There were 713 households, out of which 31.3% had children under the age of 18 living with them, 44.3% were married couples living together, 12.3% had a female householder with no husband present, and 39.3% were non-families. 32.8% of all households were made up of individuals, and 11.5% had someone living alone who was 65 years of age or older. The average household size was 2.43 and the average family size was 3.13.

In the town, the age distribution of the population shows 28.4% under the age of 18, 8.8% from 18 to 24, 25.5% from 25 to 44, 24.6% from 45 to 64, and 12.7% who were 65 years of age or older. The median age was 37 years. For every 100 females, there were 93.1 males. For every 100 females age 18 and over, there were 89.4 males.

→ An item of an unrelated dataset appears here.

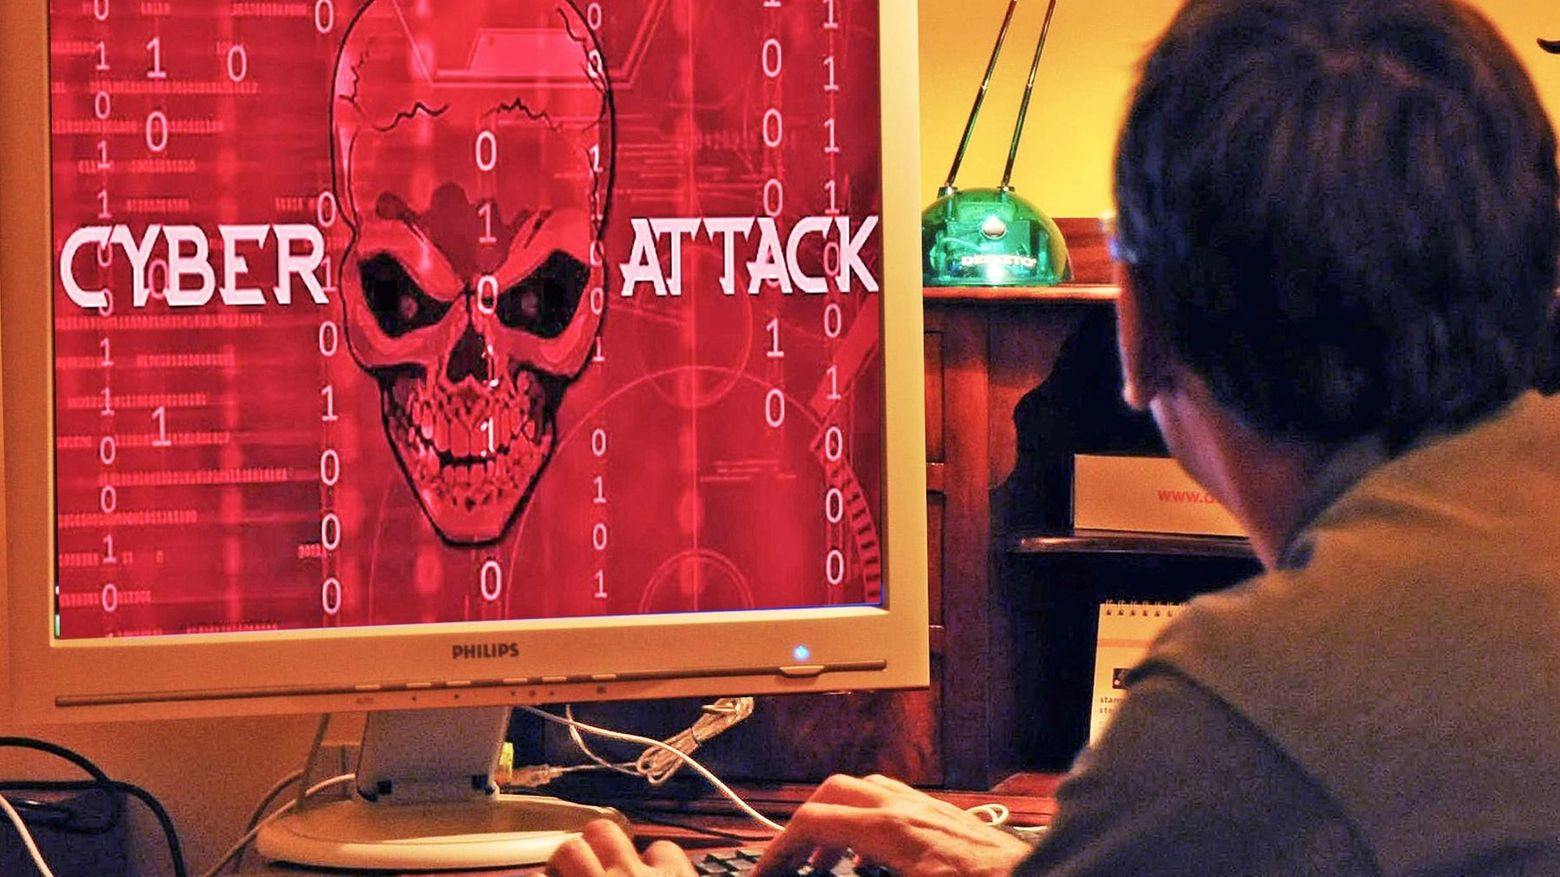 Unife sotto attacco informatico  Hackerati mille profili di studenti  "Aumentati i livelli di sicurezza"

The median income for a household in the town was $26,311, and the median income for a family was $33,938. Males had a median income of $26,685 versus $20,179 for females. The per capita income for the town was $14,378. About 13.8% of families and 19.3% of the population were below the poverty line, including 24.6% of those under age 18 and 14.7% of those age 65 or over.